The Equipment Insider

FootJoy coordinates hand, foot movement with new glove, shoe

FootJoy’s innovative HyperFLX glove, HyperFlex shoe allow golfers a greater range of motion while keeping them connected to the club and ground

Sam Snead, considered by many to have had the best golf swing ever, called footwork the game’s “forgotten fundamental.” In his book, “The Game I Love,” Snead talks about how during the 1942 Masters he played two holes barefoot, saying that doing so improved his rhythm and timing. He birdied both holes, though Augusta National officials were not pleased with this breach of tradition.

Similarly, Ben Hogan, the game’s avowed greatest ball striker, didn’t wear a golf glove, which allowed him to have better feel, sense, and control the golf club with his bare hands.

If these two legends had access to the kind of scientific research and performance features built into FootJoy’s newest HyperFlex golf shoe and HyperFLX glove, Snead could have kept his shoes on and Hogan wouldn’t have suffered as many bleeding blisters on his hands, however legendary they have become.

Indeed FootJoy, which only produces golf gear, has always strived to design its gloves and shoes to facilitate a sound connection between the golfer’s hands and club as well as between their feet and the ground. Without such golf-specific moorings,  quality golf swings and shots would be almost impossible to make and reproduce.

FootJoy: HyperFLX Grip
Multiple materials and pieces, including a thin cabretta leather surface dotted with micro perforations, are constructed in such a manner to provide a tight, but breathable, fit and stronger connection between the hand and club.

According to DJ Zabkar, product manager for FootJoy Gloves, the company’s new glove and shoe offerings employ a lightweight and sleek design, and construction engineered to enhance a golfer’s natural athletic motion. Unfortunately Zabkar and FootJoy footwear executive Keith Duffy both agree that nearly 70 percent of all golfers wear golf gloves and shoes that do not fit them properly, which makes consistent ball striking more difficult to achieve.  

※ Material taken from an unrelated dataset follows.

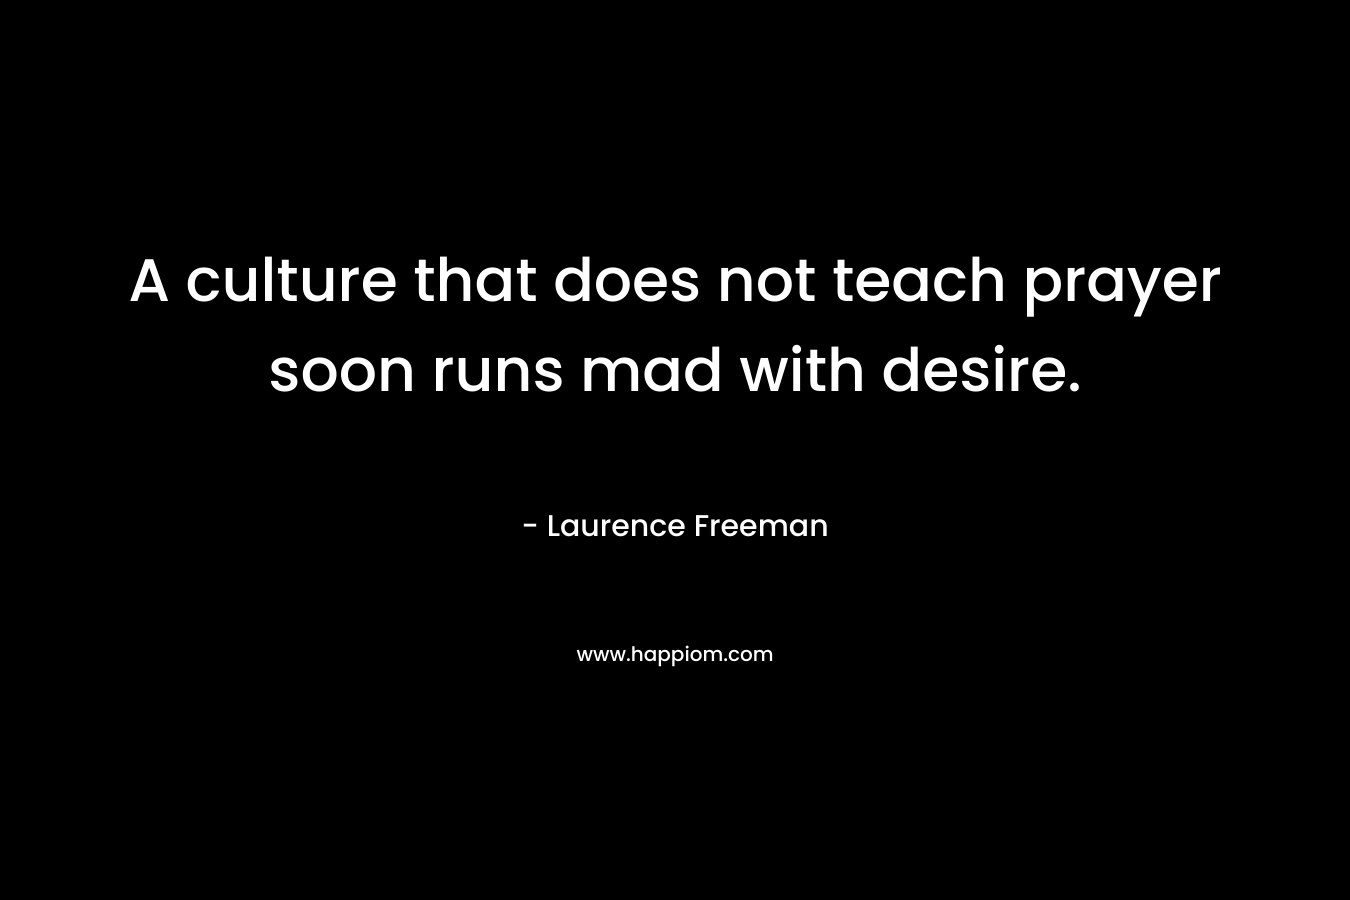 A culture that does not teach prayer soon runs mad with desire.

To remedy this, the new HyperFLX glove uses a multiple-material, multi-piece construction to secure a snug fit across the golfer’s hand. This keeps the club from slipping during the swing and will feel as comfortable to a player as if they were, like Ben Hogan, swinging gloveless.

Zabkar points out that among the glove’s notable innovations is the palm portion, where its super-thin cabretta leather surface is dotted with micro perforations to enhance the glove’s breathability. A lightweight mesh fabric section, affixed across the knuckles area, further reduces the glove’s weight, makes it more comfortable to wear in hot weather, and maximizes the player’s freedom of motion throughout the swing.

Though technically sophisticated, the message FootJoy wants to communicate is simple: “We want the golfer to feel the golf club not the golf glove,” Zabkar said.

FootJoy: HyperFlex Laced
Similar to the HyperFLX glove, the HyperFlex shoe is designed to reduce the shoe's overall weight, while providing improved flexibility and breathability.

The meshed and waterproof upper portion of the HyperFlex shoe has a similar design feature on its HyperFLX glove. The strategy is to reduce the shoe’s overall weight, and, as with the glove, to enhance both its flexibility and  breathability.

This unusual-looking golf shoe comes in both a laced and a Boa heel-mounted dial fit system model. Both eschew the conventional golf shoe’s tongue for a flexible, unibody construction with a seamless mono-panel arch that extends to envelop the golfer’s entire foot and ensures a snug fit and maximum freedom of  golf-specific motion.

Tightening the dial on the slightly more expensive Boa version, according to the company, spreads the shoe’s closing pressure evenly across the foot’s arch and reduces uncomfortable pressure points on the foot.

Duffy says it also makes it easier for golfers to direct their body’s weight downward during the swing in order to engage the ground’s “reactive force,” as the game’s top teachers refer to it. The subsequent upward rebounding effect, when executed properly, adds clubhead speed and power to golf shots. Watch both Justin Thomas and Lexi Thompson drive a golf ball and you’ll see two contemporary masters using the ground’s reactive force to its maximum potential.

However, as Duffy said, “a golf shoe has to work equally well for walking and swinging,” and both the laced and BOA versions of the HyperFlex introduce two technologies new to FootJoy. First the shoe’s stratofoam cushioning positions a proprietary foam blend in the midsole, which augments the shoe’s comfort and support and absorbs shock. Next, the shoe’s optiflex outsole adds multi-flex grooves and a semi-rigid TPU flex plate to promote both golf-geared flexure and traction, so that, again,  the shoe flexes and moves naturally with the golfer  when walking and swinging.

In other words FootJoy has designed its new HyperFlex shoe to fit golfers … like a glove.